What is invoice financing? How can it help small businesses with their credit needs and growth requirements? Is this concept the same as invoice factoring? Let’s find out more in the following sections.
Let us first understand in detail what is invoice financing. Though SMEs play a vital role in a country’s GDP and economic growth, they don’t get proper financing from banks today. According to the global data collected by the International Finance Corporation, around 65 million micro, small, and medium businesses face a credit gap of at least $5.2 trillion every year. Since these businesses don’t have proper documentation or credit history, banks hesitate to give them loans. However, with new asset-based financing options like invoice financing, these SMEs don’t have to worry.
When businesses sell goods/services to customers, they generate invoices, which are recorded as accounts receivables. They decide the payment terms with their customers, and this is usually a 30-day, 60-day, or 90-day cycle. This means the businesses need to wait for this term to get payment from their customers for the transaction. In the meantime, if they want to buy raw materials for a bigger order, restock their inventory warehouses, pay utility bills, expand their business, or have other credit needs, they are stuck, as they don’t have the cash flow to meet these needs. This is when they can resort to invoice financing, also known as bill financing.
Here are the steps involved in this process, so that businesses can exactly know what is invoice financing and how it works in real life.
a) The business sells its products/services and generates an invoice for its customers with a 60-day payment cycle, for example.
b) He sends these invoices or accounts receivables to a financier, as he needs money for something that cannot wait for 60 days until his customer pays him.
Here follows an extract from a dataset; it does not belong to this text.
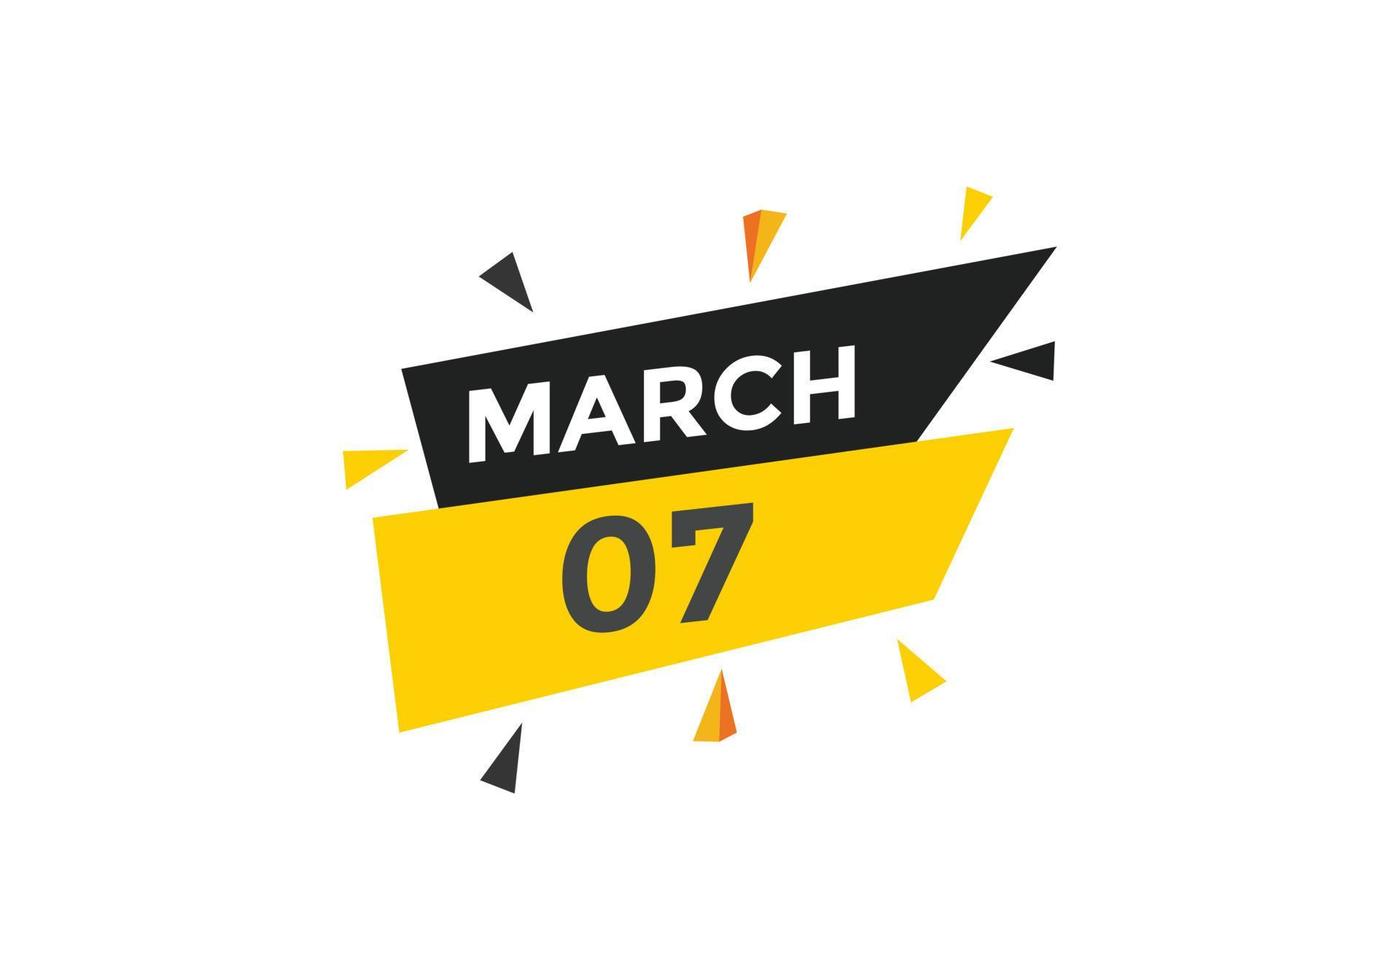 march 7 calendar reminder. 7th march daily calendar icon template. Calendar 7th march icon Design template. Vector illustration

c) The financier studies the bills and releases a percentage of the total invoice amount (usually 70 to 90%) within 2 to 3 days to the business.
d) The financier pays the remaining amount after the business has received the money from its customers, which may be after the 30th, 60th, or 90th day from the date of sale. The financer charges a fee for his services.
e) Businesses repay this quick loan after they get their payment from their customers.
f) This way, businesses can get quick credit from their unpaid bills, and use the credit for their growth and expansion purposes.
Since both are types of financing, invoice financing for small businesses is often interchangeably used with the term, invoice factoring. Though the main concept of using outstanding invoices for credit is the same in both these concepts, there are some differences in the way they are implemented. Invoice financing for small businesses, as explained earlier, involves selling unpaid invoices to a financier or a financial company. However, in invoice factoring, businesses sell their unpaid invoices to a third party, known as a factor. Many fintech companies, like Finverv, have an excellent credit ecosystem connecting these lenders and borrowers and offering factoring services at affordable rates.
The invoice financing India market has been growing rapidly in the recent past, with a large number of SMEs opting for invoice financing as their first source of financing. With more and more players entering this scene, the Reserve Bank of India has recently introduced the Trade Receivables Discount System (TReDS). Thanks to this system, micro, small and medium enterprises can choose regulated financiers to sell their unpaid invoices and get short-term loans quickly for their credit needs. TreDs has made invoice financing for small businesses a smooth and easy process.
Why is the invoice financing India market booming? It is because this type of financing offers SMEs a great way to mobilize their capital and free up their cash flow, thereby helping them use the funds for productive business purposes. Thanks to invoice financing, businesses can enjoy the following benefits:
a) Quick credit facility – Businesses don’t have to wait for the end of their invoice payment term to get cash on hand anymore, thanks to the many invoices financing Indian companies today. They can get quick cash anywhere within 24 to 72 hours after the sale of unpaid invoices to the financial company.
b) Simple and hassle-free process – In invoice financing, businesses don’t have to fill up lengthy forms or submit collateral to financial companies to get quick loans. All they need to do is register with a financial company, submit the unpaid invoices and get quick loans worth at least 70 to 90% of the invoice amount.
c) High value of loans – When businesses have creditworthy customers who pay back their invoices on time, they are eligible for a high value of loans when opting for bill financing. Financial companies trust these businesses more than the ones that have defaulting customers. In some rare cases, businesses with exceptionally good customers can also get the full value of their unpaid invoices as loans from financial companies.
Micro, small, and medium-scale enterprises can make full use of invoice financing schemes to cater to their credit and working capital requirements. This type of financing doesn’t need businesses to go through lengthy documentation or collateral processes. Hence, it is one of the best ways for businesses to get rid of any liquidity issues they may face in their operations. Thanks to bill financing, businesses will never run out of cash anytime during their operations, thereby managing to sustain quite well even amidst severe competition in their field.